И сколько майор ни бился с ним, он лежал лицом к стене и молчал. Я видела, как майор нервничает, кусает губы, желваки играли на его лице. Я боялась, что он вот-вот сорвется, и тогда… я-то знала, на что способен этот человек. Но сведения о нашей авиации, должно быть, были нужны им до зарезу, и он сдержался, он приказал унести пленного и даже пожелал ему приятного пути. Но как только закрылась дверь, он разразился страшными ругательствами, хватил стакан коньяку и с совершенно измученным видом и блуждающими глазами бессильно бросился на диван. Вошел шеф, меня отпустили и отвезли домой.
В эту ночь я не сомкнула глаз, хотя чувствовала себя совершенно разбитой. Этот летчик, его глаза смотрели на меня, и в ушах звучал его звонкий, молодой и твердый голос. Утром я хотела отправиться на явку, чтобы предупредить, что захвачен сбитый над городом советский ас, но не успела, к подъезду подкатила машина. Сам майор сидел в ней. «Нам приказано во что бы то ни стало выудить у него все об авиации. Есть данные, что он из этих новых частей, только что прилетевших сюда. Фрейлейн, вы должны поговорить с этим проклятым большевиком. Говорите ему, что хотите, только вытащите из него, что сумеете. Вас озолотят, слово чести, вы заслужите Железный крест».
Я никогда еще не видела этого спокойного, хладнокровного карьериста-палача в таком волнении. Он так волновался, что тут же проболтался о том, что в Харьков из ставки прилетел какой-то их авиационный генерал, которому эти сведения нужны до зарезу. У меня не было выбора. Поговорить с летчиком один на один было даже полезно для дела. Можно было предупредить его. Но я вспомнила этот взгляд, и мне, привыкшей все время жить под угрозой смерти, было страшно, именно страшно войти в его камеру. Вы представляете, кем я была в его глазах!
Но я заставила себя войти и, когда дверь захлопнулась за мной, даже подошла к нему.

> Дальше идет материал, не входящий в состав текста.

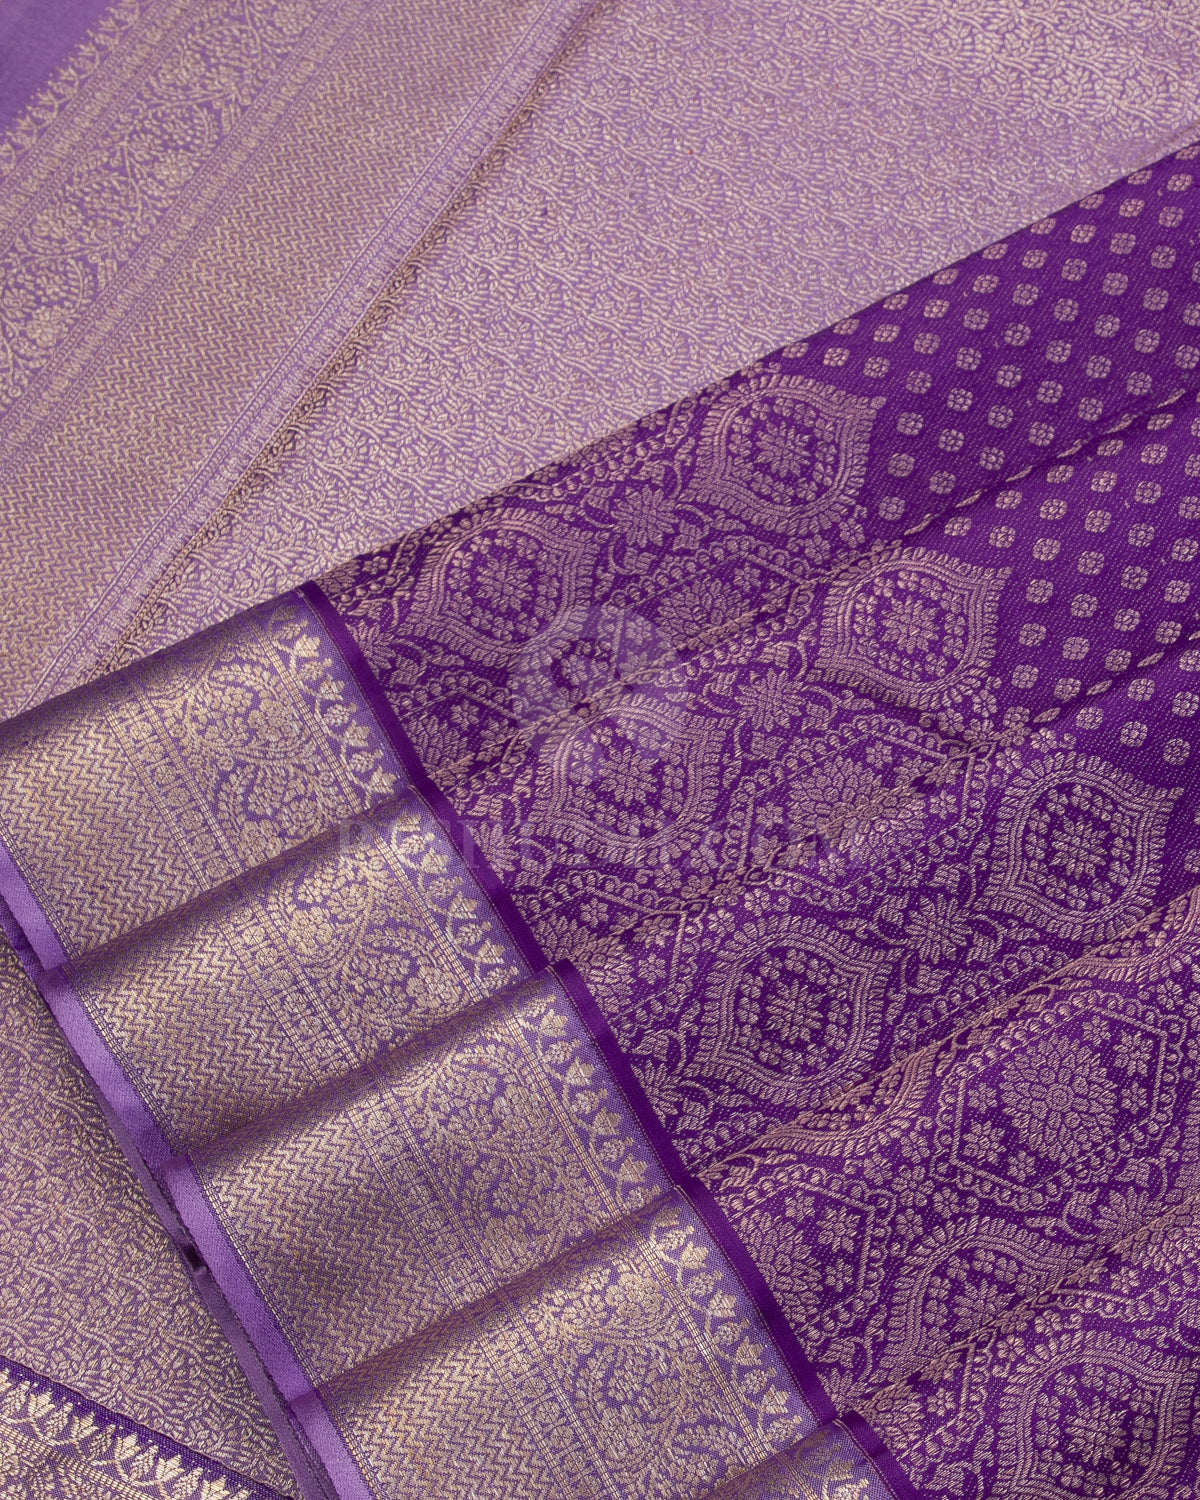 Shades of Lavender kanjivaram Silk Saree - D513(B) - View 3

Со вчерашнего дня он еще более осунулся, похудел, глаза его раскрылись шире. Встретили они меня тем же презрительным взглядом. Мне показалось, что он даже как-то передернулся, когда я приблизилась к нему.

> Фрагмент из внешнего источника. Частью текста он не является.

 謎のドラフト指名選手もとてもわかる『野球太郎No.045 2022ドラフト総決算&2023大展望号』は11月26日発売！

— Как вы себя чувствуете? Был ли у вас врач? — спросила я, чтобы как-то завязать разговор.
— У них ничего не вышло, теперь они натравливают на меня свою немецкую овчарку, — недобро усмехнулся он.
Я вспыхнула, слезы, должно быть, выступили у меня на глазах.

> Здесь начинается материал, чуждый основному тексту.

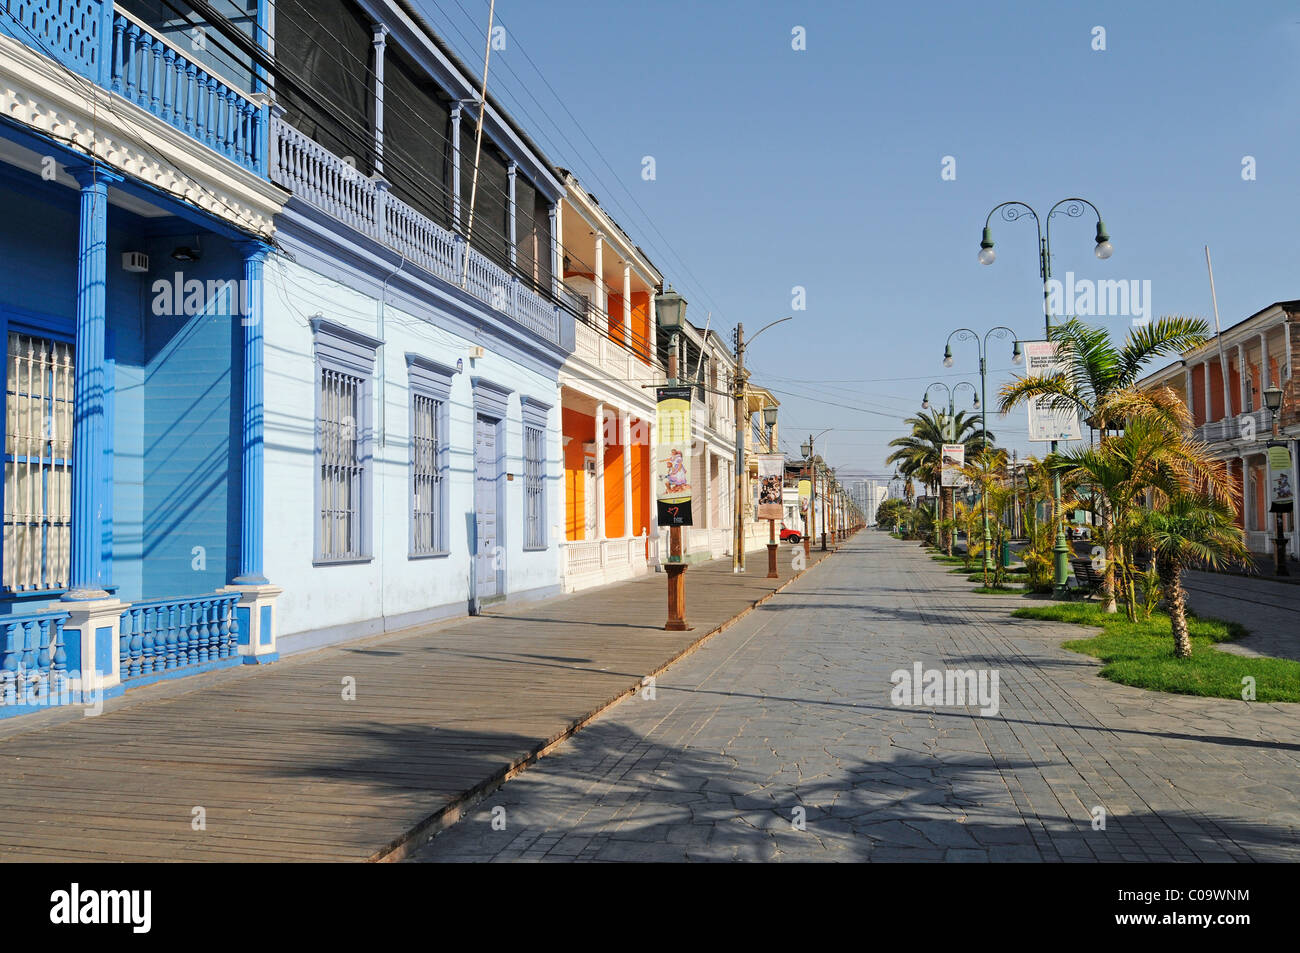 Avenida Baquedano, bâtiments historiques, maisons en bois coloré avec des porches, Iquique, Norte Grande, le nord du Chili, Chili Banque D'Images

Голос у него был совсем тихий, он, видимо, очень ослаб за эту ночь, но он продолжал так же твердо и жестоко:
— Что же краснеешь, продажные шкуры не должны краснеть! Вот погоди, попадешься ты к нам, там тебе пропишут.
Я едва сдержалась, чтобы не грохнуться тут перед ним на колени и не рассказать ему всего, так тяжело звучали в его устах эти оскорбления.
А он продолжал, все повышая голос:
— Думаешь, отступишь с немцами, убежишь от нас? Догоним! В самом Берлине сыщем! Никуда от нас не уйдешь, не скроешься!
И он захохотал. Нет, не нервно, у него, должно быть, вовсе не было нервов, он захохотал злорадно, торжествующе, как будто он не лежал весь забинтованный, умирающий во вражеском застенке, а победителем стоял в Берлине, верша суд и расправу.
И тогда я бросилась к нему и зашептала, позабыв всякую осторожность:
— Они ничего не знают. Они хотят узнать от вас о каких-то новых авиационных частях. Здесь страшная паника. Они боятся, смертельно боятся. Не говорите им ничего, ни слова. Особенно опасайтесь этого вчерашнего рыжего майора. Это ужасный человек.
Отпрянув от меня, он с удивлением слушал.
— Так, — сказал он и еще раз повторил: — Та-а-ак! — Глаза у него немного подобрели, но смотрели зорко и изучающе. — Та-ак, бывает, — он усмехнулся, но уже не зло, и вдруг, подмигнув мне, закричал во весь голос: — Прочь, продажная шкура! Ничего я тебе не Скажу, ни тебе и ни твоим хозяевам! Не добьетесь от меня ни слова!
Он долго кричал на всю тюрьму. Потом спросил тихо:
— Так вы?..
Я кивнула головой. Я вся дрожала, зубы мои выбивали дробь.